When using two thresholds, recall tended to increase more sharply than precision even with a low uncertainty level. The main drivers of this result were once again those false negatives given by positive visits characterised by free-form text with no mention of CVD. In a two-threshold scenario, the vast majority of these visits ended up being classified as uncertain and thus excluded from the computation of performance metrics, leading to the observed sharp increase in recall.

Conclusions

In this study, a set of neural networks was developed to associate free-form text written by clinicians during the routine visits of patients with diabetes to previous CVD hospitalisations within different time windows. To this end, a specialist-care database was enriched with the hospitalisations records retrievable from the local administrative claims repository (N ~ 6400 unique, harmonised patients).

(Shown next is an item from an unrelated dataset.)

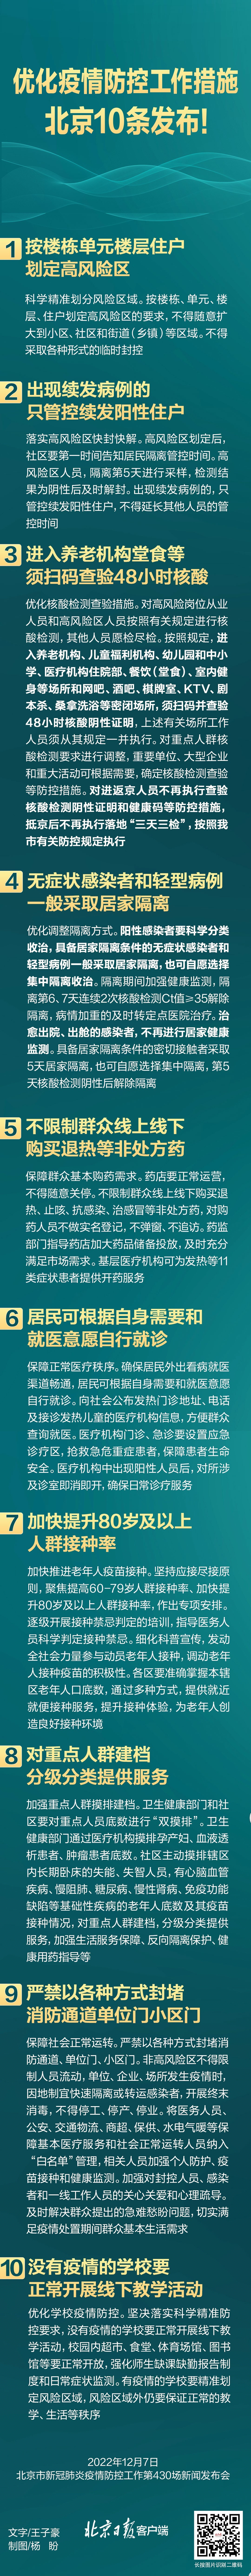 北京、上海防控措施最新调整深航江苏分公司

Four different time windows were considered when looking for hospitalisations prior to each visit: infinite, 24, 12, and 6 months. Results obtained with the first two windows, suggest that the proposed NLP model could be reliably used to automatically fill patients’ medical records or identify recent CVD events. Moreover, in these scenarios, discrimination performance could be remarkably improved with a limited workload from clinicians (as few as 328 visits to be manually parsed to obtain an F1-score of 0.847). Not surprisingly, shortening the time window produces a deterioration of the discrimination performance, in fact, with a 12-month window, satisfactory results could not be obtained without assuming a significant contribution by clinicians (upwards to 736 visits to assess manually to obtain an F1-score of 0.759). In the 6-month window scenario, the discrimination performance was once more not acceptable even when allowing for a contribution by clinicians. This suggests that it is not possible to use the proposed approach to translate routine visits’ free-form text into a CVD hospitalisation time-to-event outcome.

Tools based on these approaches may be useful for clinicians as they may help address the known problem that, when faced with a choice between reporting information in a structured or an unstructured field, physicians tend to prefer the latter, which is more in line with their attitude and training. Case in point, in the eCharts used in this study, among patients who had a CVD hospital discharge, only one in three had previous history of CVD correctly reported in the structured section of their healthcare record, despite almost all having at least one visit with mentions of hospitalisations or CVD. Moreover, NLP tools that automatically read all of a patient’s visits may help overcoming the fatigue clinicians may encounter in re-reading bulks of text buried in different records of a patient’s EHR to recall their history of prior CVD. Payers and administrators may also benefit from the use of such tools as they could better investigate whether relevant information, such as previous pathologies, are coherently reported in EHR systems, and possibly implement mitigation strategies, e.g., if they are not satisfied with the reporting rate.

Future studies may focus on the development of more complex architectures or training schemes, with the aim of improving performance on shorter time windows, i.e., when positive visits are rare, and models struggle to successfully learn key features useful to distinguish them from negative visits. Use of an external dataset, presently not available, would help in validating the method against more heterogeneous data, with visits coming from different clinics, where clinicians may follow slightly different protocols or conventions.